The New Guinea men studied by Hogbin wanted separation from—and hence power over— the women in the tribe: They wished to exclude the women from their “cult.” Why? This detail Hogbin never explores--he apparently never raised the question. However, he explained that the men created a story of enormous crocodile spirit monsters that the women and children had to keep away from. He also explained how the men were able to make this utter fabrication credible.
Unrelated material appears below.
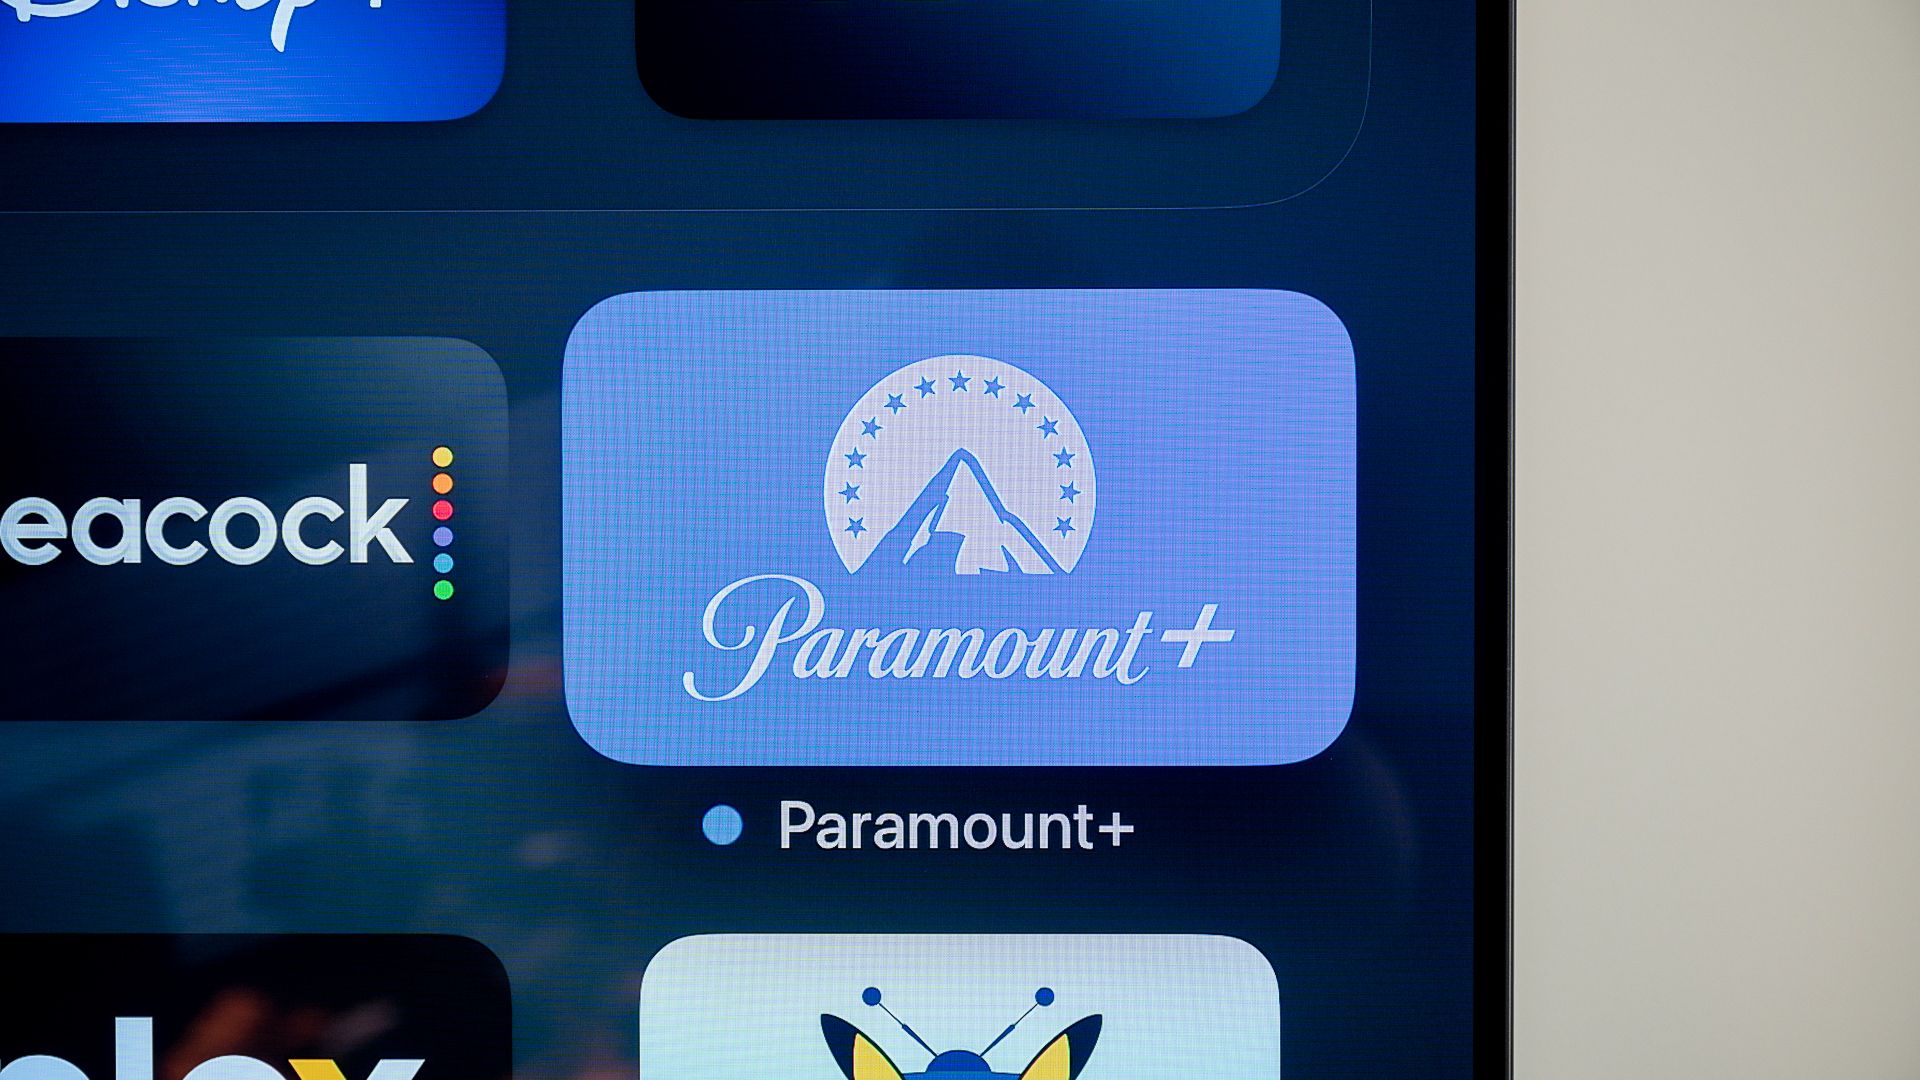 Paramount+ app icon on Apple TV.

A woman came home one day and freely shared with her husband her discovery of a whirring sound created by twirling a twisted piece of wood on a string. He told her to keep her discovery a secret and passed the information to his male cohorts. They decided to say it was the voice of a spirit that the women must stay away from. Of course, to carry out this fraud, they had to kill the woman who brought them the knowledge. As Hogbin puts it:
The husband was first reluctant but at length gave consent when promised a substitute. He sent a message to her to bring his supper and as soon as soon as she stepped on the ladder of the house the men”—in Hogbin’s polite term—“despatched her”—ie, murdered her—“with their spears.” The men told the rest of the women that “she had been eaten by a fearsome spirit monster which had come into the area”—a monster whose presence was heralded by the bullroarers. This falsehood in place, the men could easily keep the women intimidated.
For reasons he doesn’t explain, Hogbin rather quaintly makes the following inexplicable statement:
The story may perhaps give the impression that the hoaxing of the women was uppermost in the men’s mind when carrying out their ritual. … I am convinced that, although this aspect of the matter cannot be ignored, it would be a mistake to pay too much attention to it.
At this point, Hogbin dropped the subject and moved on.
I think Hogbin erred not to pay much more attention to why the women were hoaxed, why that was acceptable, why religion could be openly built on a fraud that used fear to exclude women from power and why the men feared sharing their power with women. Why was murdering an innocent woman acceptable? This is the kind of behavior we openly condemn when it’s practiced by Nazis. I am glad Hogbin did not suppress it, and hence romanticize “primitive” religion, but I also wish he'd spent more time exploring the issue.